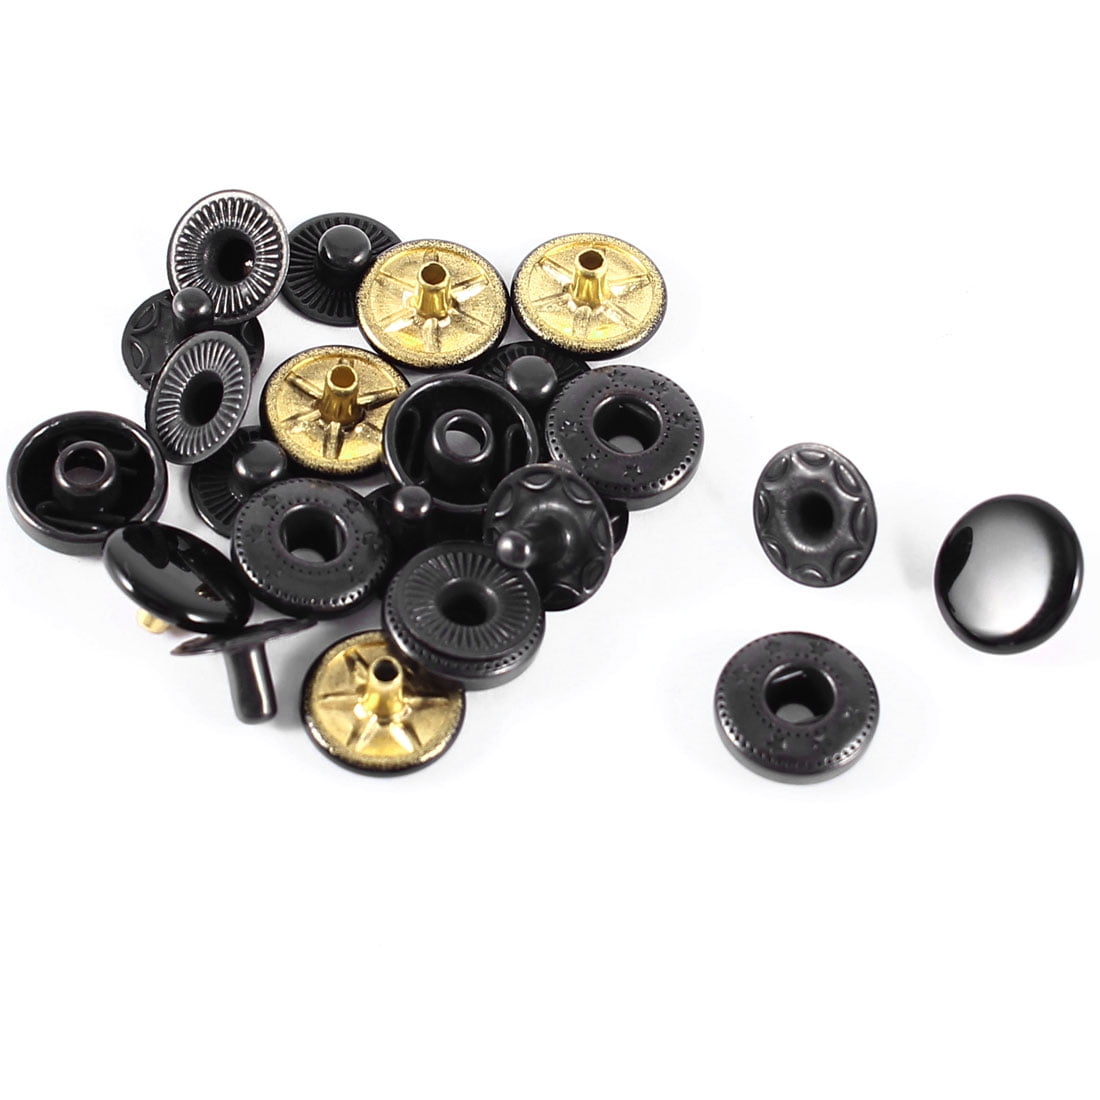 Unique Bargains 6 Sets Snap Fasteners Press Studs Sewing Buttons 10mm ...
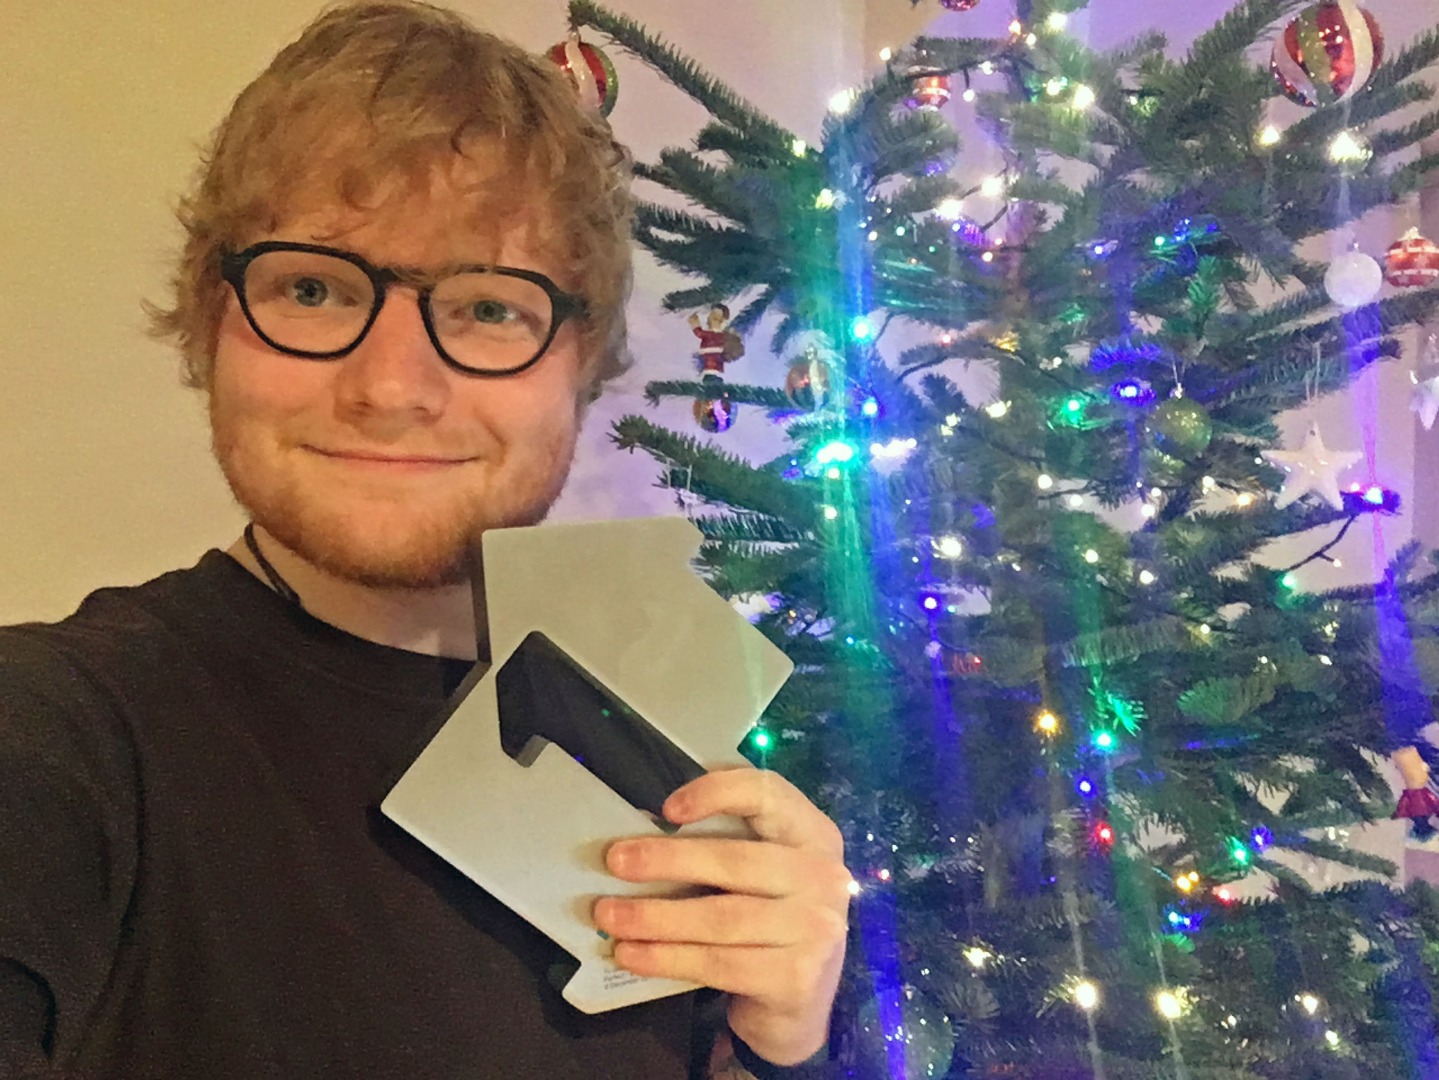 Ed Sheeran has scored the Christmas number one for 2017 (OfficialCharts.com)
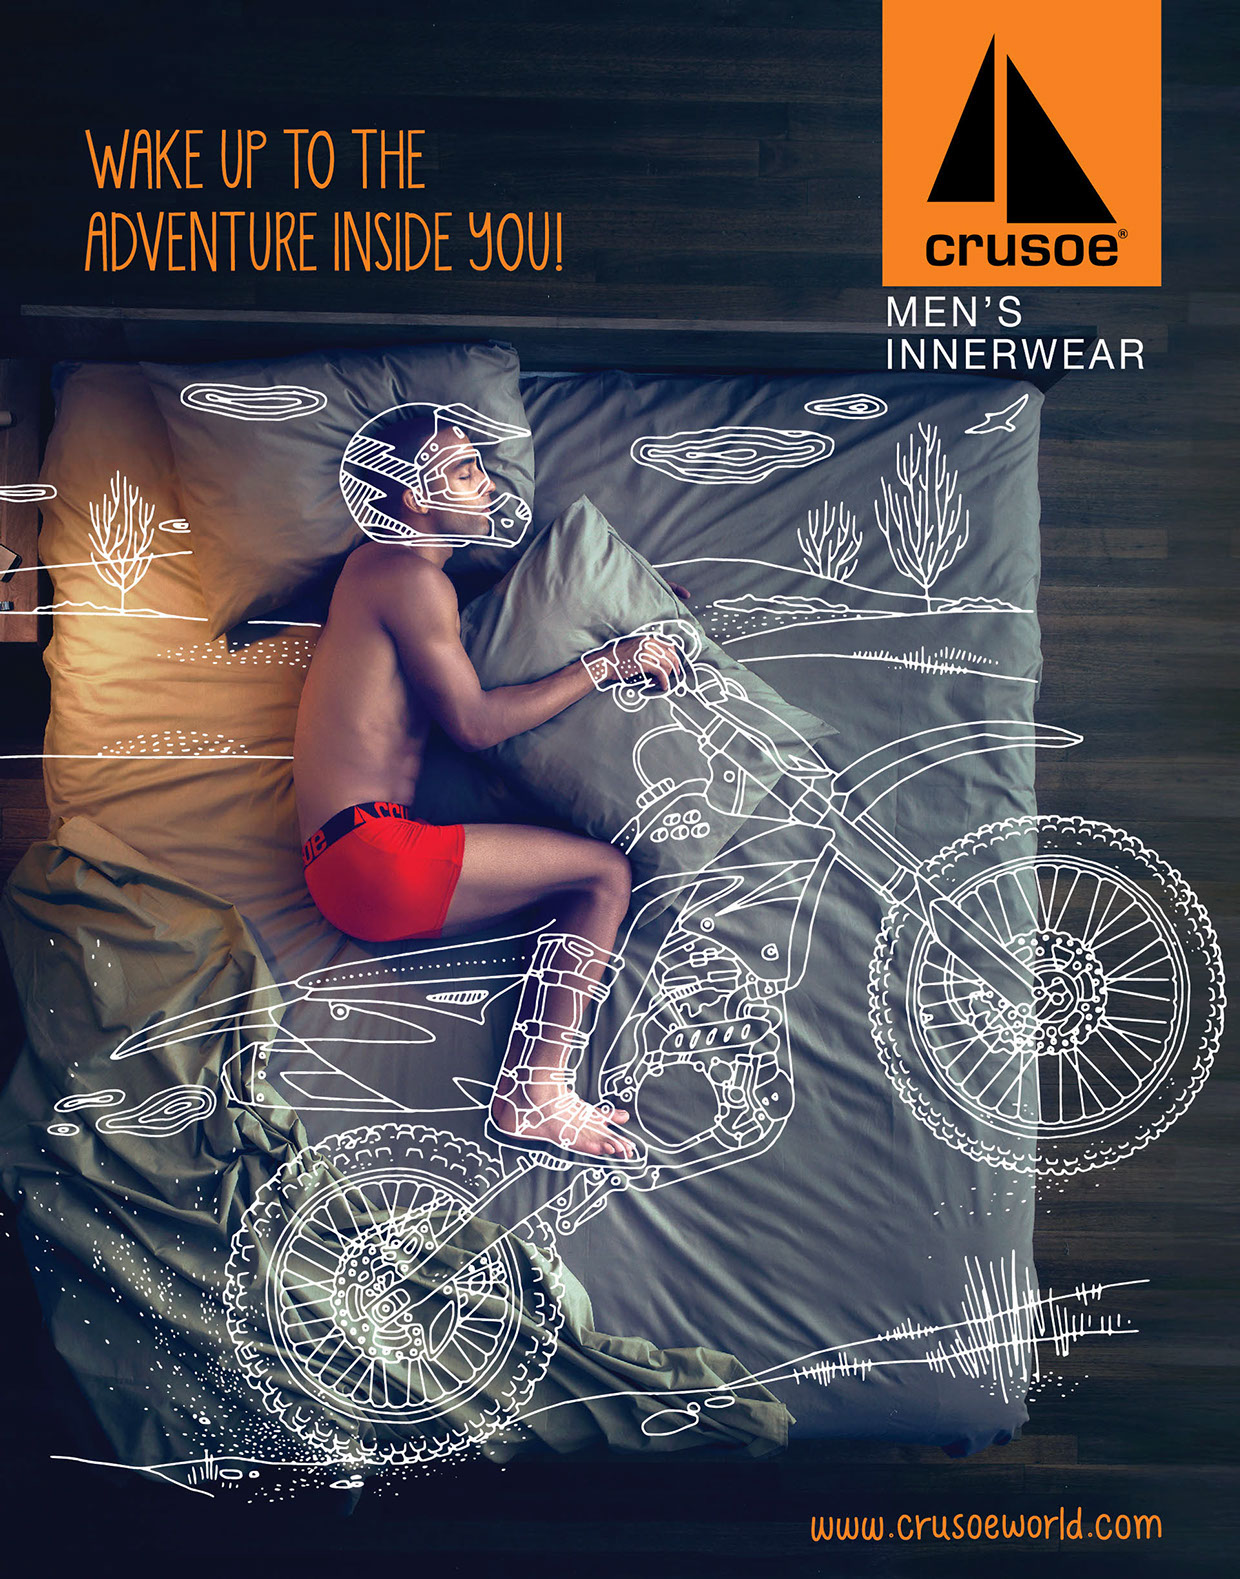 Wake up to the adventure inside you! Crusoe Men's Innerwear Campaigns of the World®

> **How to complete this task**
Word for word, copy every line of the data, excluding any pictures.

> **Task response**
 Unique Bargains 6 Sets Snap Fasteners Press Studs Sewing Buttons 10mm ...
 Ed Sheeran has scored the Christmas number one for 2017 (OfficialCharts.com)
 Wake up to the adventure inside you! Crusoe Men's Innerwear Campaigns of the World®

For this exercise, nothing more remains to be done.